Epic Fail Friday – Blackberry Margarita Edition
This week’s Epic Fail Friday topic was brought to you entirely by me.
On Wednesday night I tried to make this:
Looks good, doesn’t it? I thought the thyme sprig with speared blackberry was an especially thoughtful garnish. I already had blackberries on hand, so on my weekly grocery run I picked up a bundle of fresh thyme and a cheap bottle of triple sec and I made my own simple syrup at home. You see, this is the kind of recipe I’m drawn to trying because it looks like fun. The picture is downright pretty and the combination of the ingredients is simultaneously elegant and weird enough that I feel compelled to taste it. I’ve certainly never thought of blackberry and thyme as complimentary flavors, but throw in a little lime and some triple sec and sure, why not? I’m all about trying new things and I love using herbs in my cooking.
I should preface this tale by making it very clear that I’m not a bartender. I can cook like a champ and I can bake pretty well too, but I’ve never been a natural at making drinks. In fact, nearly every time, from college onward, that I have attempted a mixed drink, cocktail or other icy beverage concoction including smoothies that require ice and a blender, it inevitably turns out disastrously. I have a literal laundry list of pretty little alcoholic drinks I have tried to make and failed at. The problem is that in theory whipping these things together is so easy. So if I can quickly, accurately, and tastily craft far more complex dishes, why can’t I master this? A few ingredients, a handful of ice, and a minute in the blender is all it takes. What’s so difficult about pulling this off? Never the one to just gracefully accept my weakness and let it go, I decided to give it a whirl thinking that this time will be different. And it all went great until the end. Though it is fair to say that when the recipe calls for three sprigs of thyme, use three or even four if you relish a stronger hint of thyme, but six may have been overkill. I’m a recipe tweaker. I like to make my mark on recipes with a unique change or two to really make it my own, but in the future I think I’ll stick to tweaking less potent ingredients. Trial and error my friends.

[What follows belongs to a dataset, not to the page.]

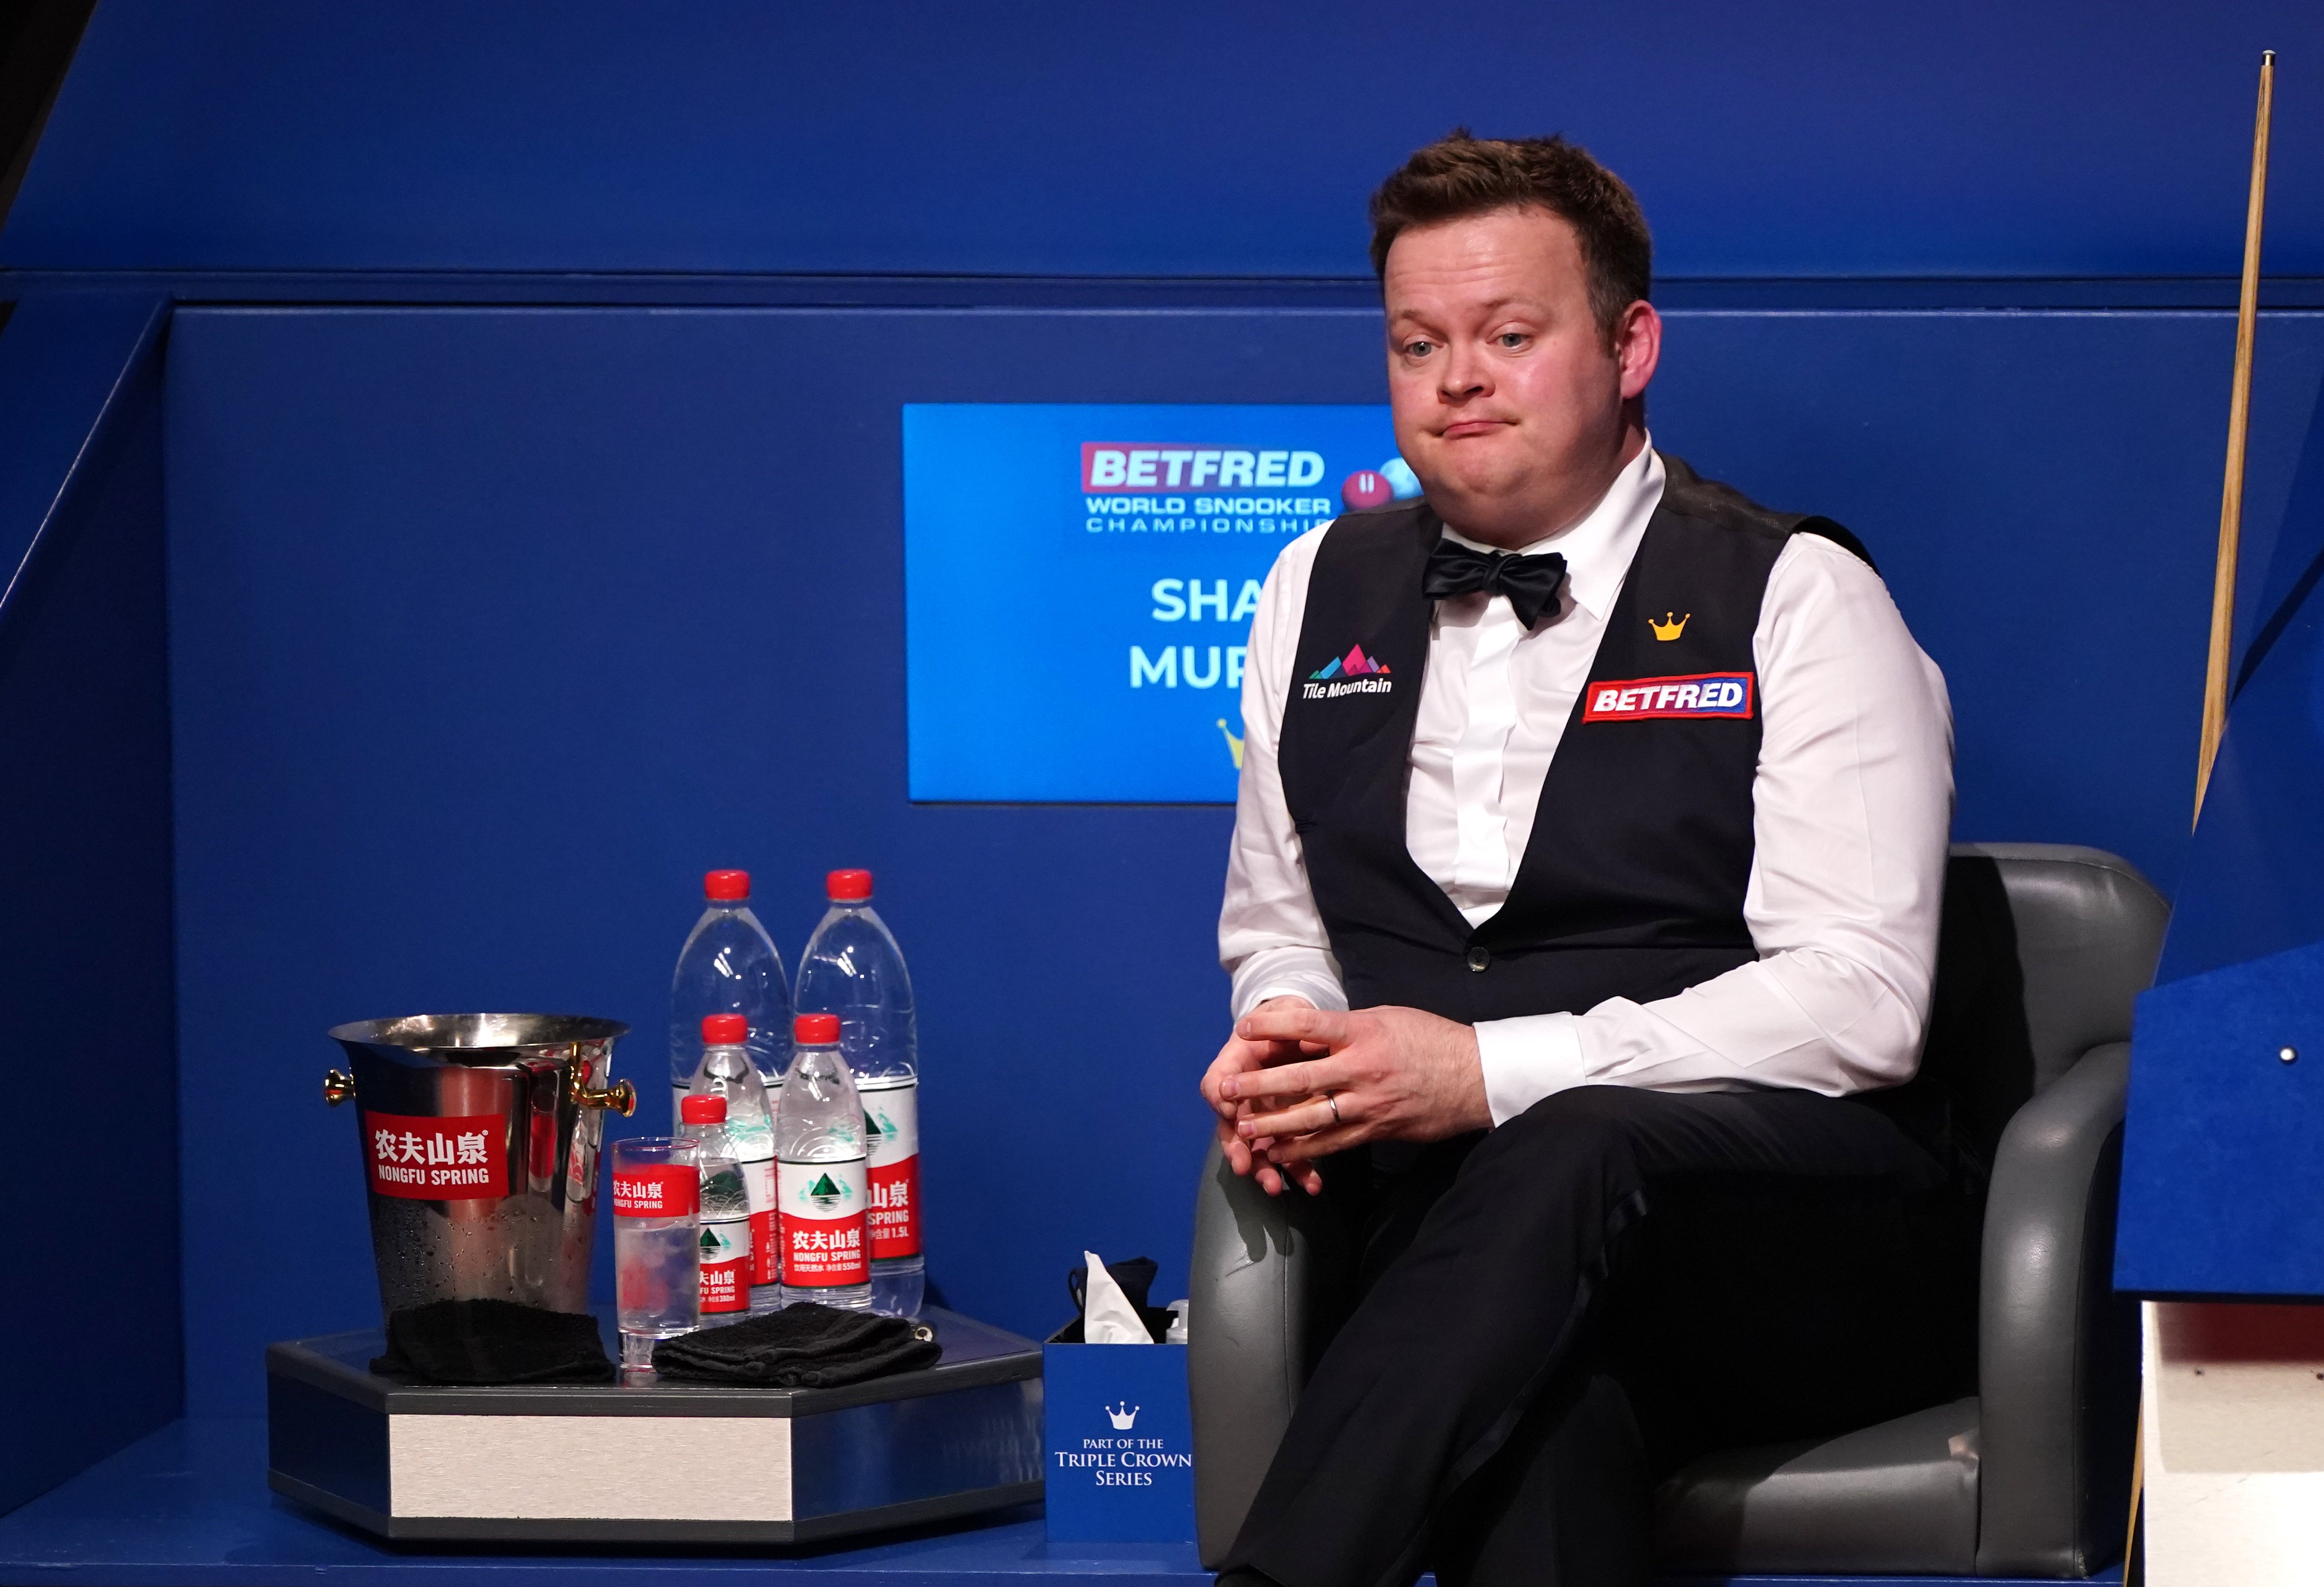 Shaun Murphy finished second best at the Crucible in May (Zac Goodwin/PA)

I’d pureed the blackberries and thyme until it reached a delicious and vibrantly purple consistency, and then mixed in the correct measurements of rum, simple syrup, triple sec, lime and sparkling water. I dumped it all back in the food processor (because mine is supposed to be able to chop ice and I didn’t want to pull out the big blender for two tiny little drinks), dropped in a handful of ice, closed the lid securely, locked it, held my hand over it, and hit “high” on the food processor. Looking back, it may have been a touch full, but whatever, right? It’ll be fine. And then it all went to hell.
Blackberry juice (blackberries that stain, might I add) exploded out of the food processor. There was blackberry drink slush oozing down the sides of the food processor, and splatters of it decorating the cabinets, the counters, the walls, the floor, the socks on Ted’s feet, my white tank top, and the basil plant. The kitchen looked like a crime scene. The sink was full of deep purple debris, my white tank top became tie-dye, the tan dish towel morphed into the purple dish towel, and the floor was a sticky mess. The ice remained unchopped. Of course.
I stood there totally dumbfounded while Ted calmly carried the remains of my precious blackberry thyme margaritas over to the sink and tried, unsuccessfully, to chop the rest of the ice and salvage what was left. They tasted merely okay, so I don’t think I’ll be making them again, in part because this particular patch of blackberries wasn’t very sweet or flavorful, but it also might have tasted a little less bitter had I not decided to get my money’s worth out of that $1.99 bundle of thyme. I think I’ll refrain from tempting fate and trying to sharpen my mad mixed drink skills for at least the next month or so. That’s what trained bartenders are for. My talents, clearly, lie elsewhere.
And I never did get to use the delicate little thyme sprig and speared blackberry garnish that I admired so.
Epic fail.
Or, as Ted said,
“That wasn’t an epic fail. That was a royal epic fail.”